US & Canada

Comedian Jon Stewart rescues goats from New York subway tracks

Goats seen on a New York City subway track on 20 August 2018 Image copyright Metropolitan Transportation Authority
Image caption The grazing goats gave police and train staff the runaround

For many New Yorkers, a Monday morning subway commute is an experience they'd be delighted to avoid.

But it appears nobody's told the city's goats.

Two of the greedy herbivores briefly disrupted the N line from mid-morning on Monday, when they were spotted roaming the tracks in Brooklyn.

The pair were apparently captured with the help of US comedian Jon Stewart and his wife Tracey, who transported them to a nearby animal shelter.

Stewart, the former host of The Daily Show, is a long-standing animal welfare activist. He and his wife are supporters of the Farm Sanctuary shelter in upstate New York where the rogue goats were taken in, and have previously adopted an abused horse and a bull that escaped from a slaughterhouse.

They also opened a sanctuary at their own New Jersey farm in 2015.

The Metropolitan Transportation Authority (MTA), which runs the New York Subway, said it had called the police and Animal Control about the goats, which were spotted on the tracks between the Fort Hamilton and New Utrecht stations.

"We're told they were munching grass," said Jon Weinstein, a spokesman for the MTA.

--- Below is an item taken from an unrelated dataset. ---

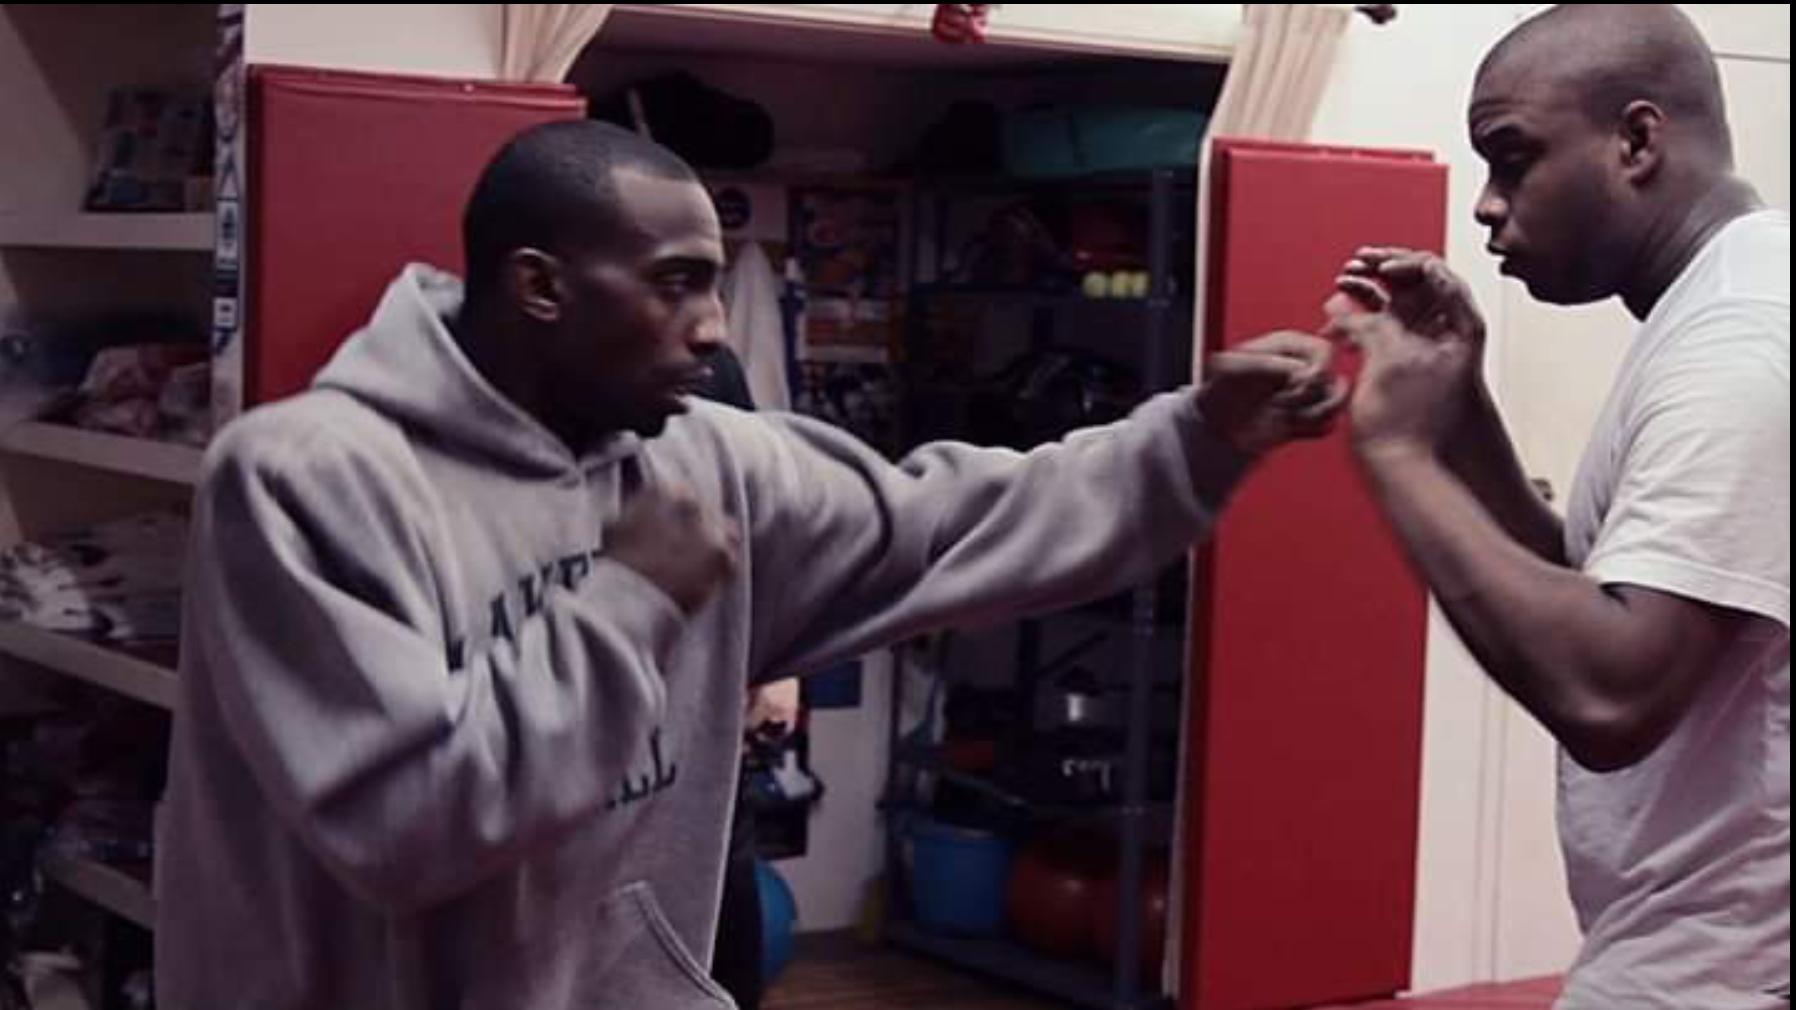 Bradley Desir in New York Mixed Martial Arts (2011)

Train staff and police managed to corral the white-and-brown runaways on to a closed track before they were tranquilised and captured at around 13:00 local time (17:00 GMT), the MTA said.

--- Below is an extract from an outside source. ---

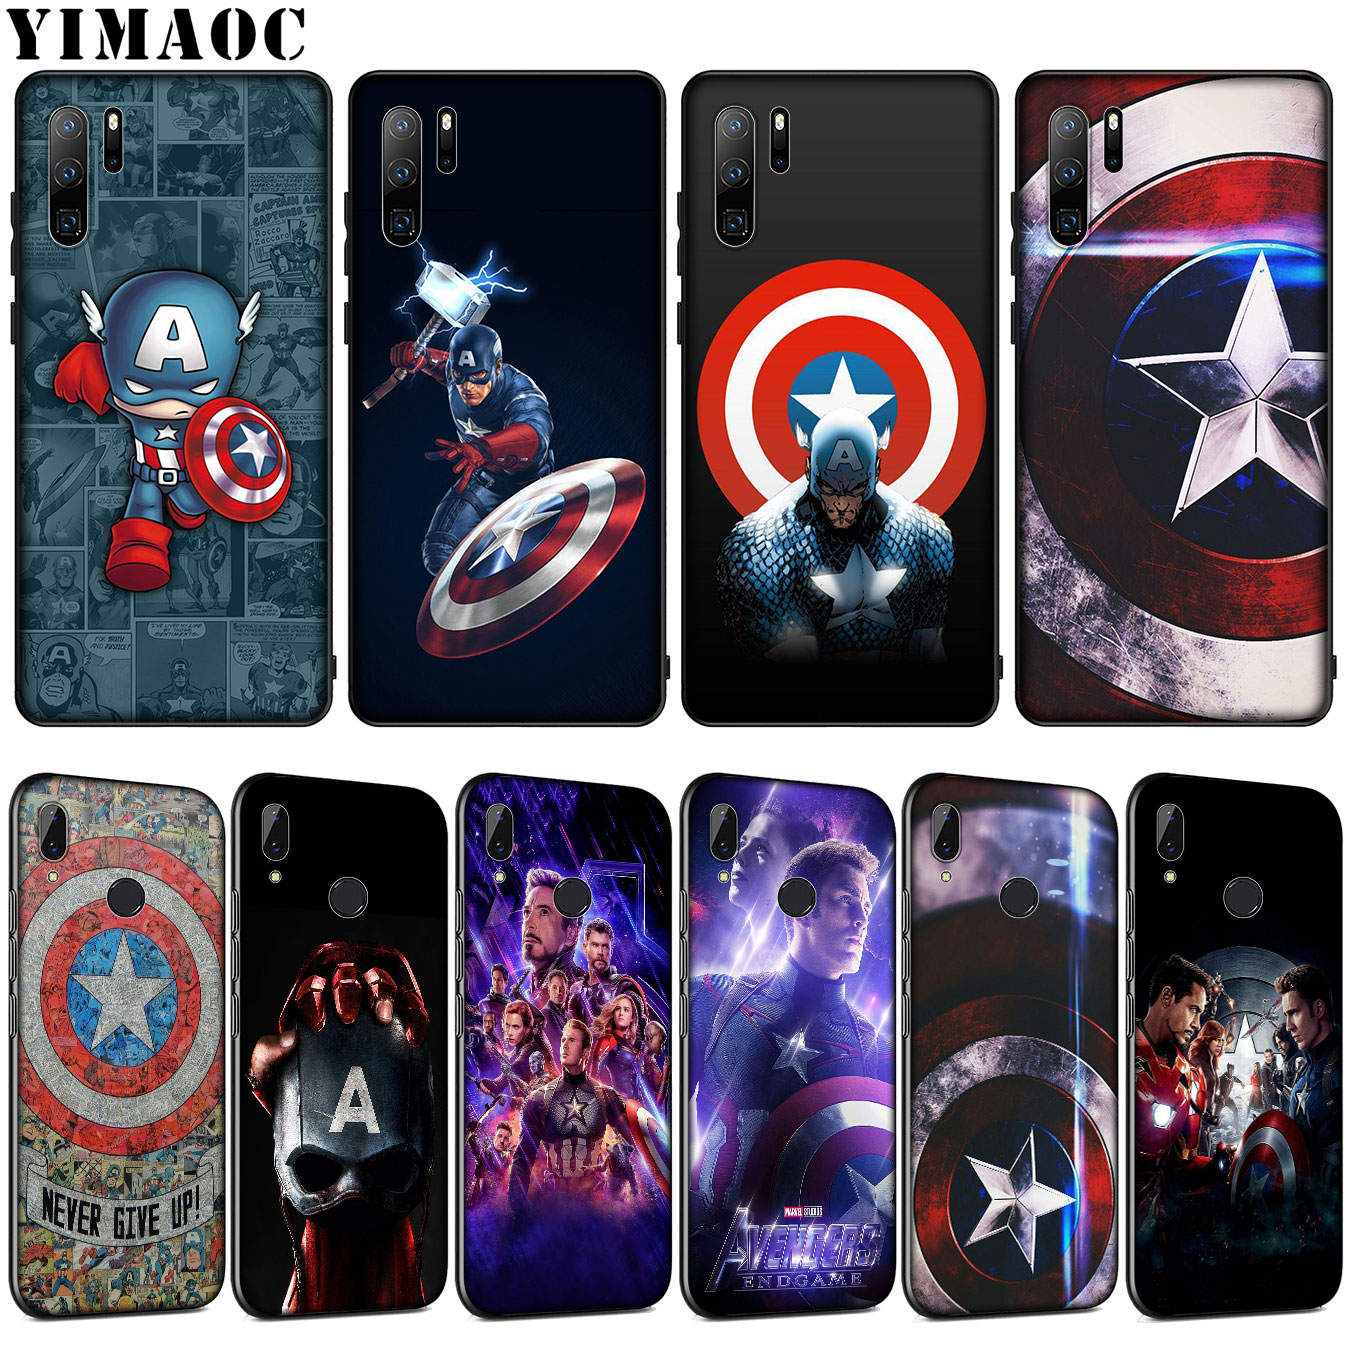 Мягкий силиконовый чехол YIMAOC Marvel Captain America shield для Huawei P30 P20 Pro P10 P9 Lite Mini 2017 2016 Cover P Smart Z 2019

The New York City subway's social media account saw the funny side and tweeted that goats were "Two very baaaaad boys", alongside a picture.

Social media users posted their own reactions to the story.

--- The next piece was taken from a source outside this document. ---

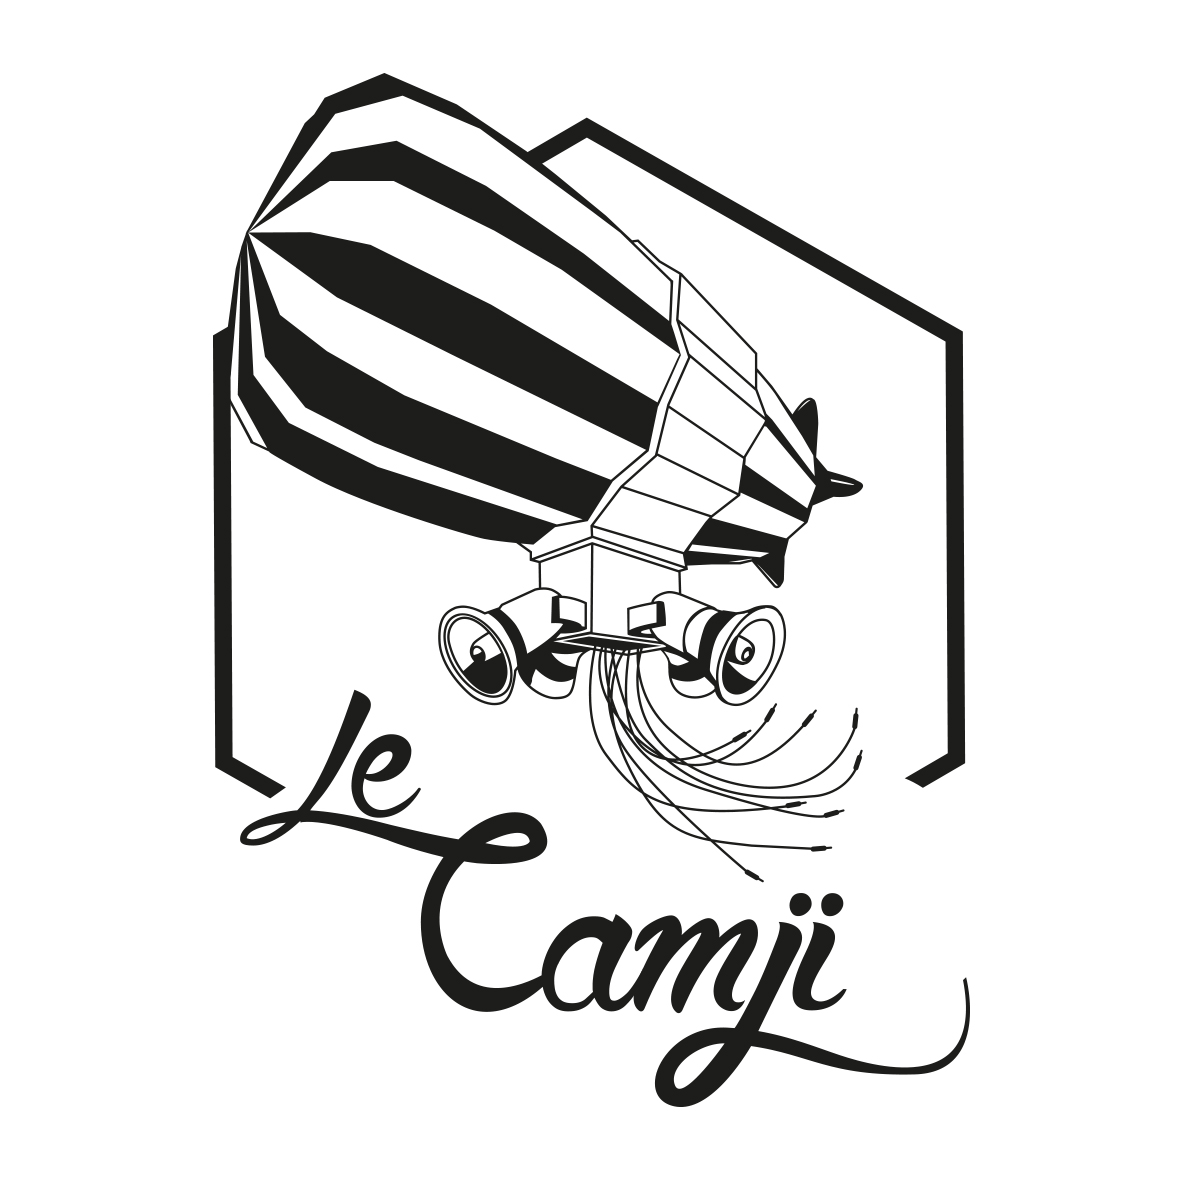 image logo camji

Video shared on social media shows Jon Stewart mid goat-rescue, helping the animals into a truck.

It's unclear how the goats came to be on the tracks, although there are a number of slaughterhouses in the area that animals have escaped from in the past.

The pair were of the Boer breed, which is commonly raised for its meat, Meredith Turner-Smith of the Farm Sanctuary shelter said.

If they did indeed mount a daring escape, it appears the goats - which are both males - can look forward to a brighter future with other rescued farm animals. They have now been named Billy and Willy by the shelter which will be their new home.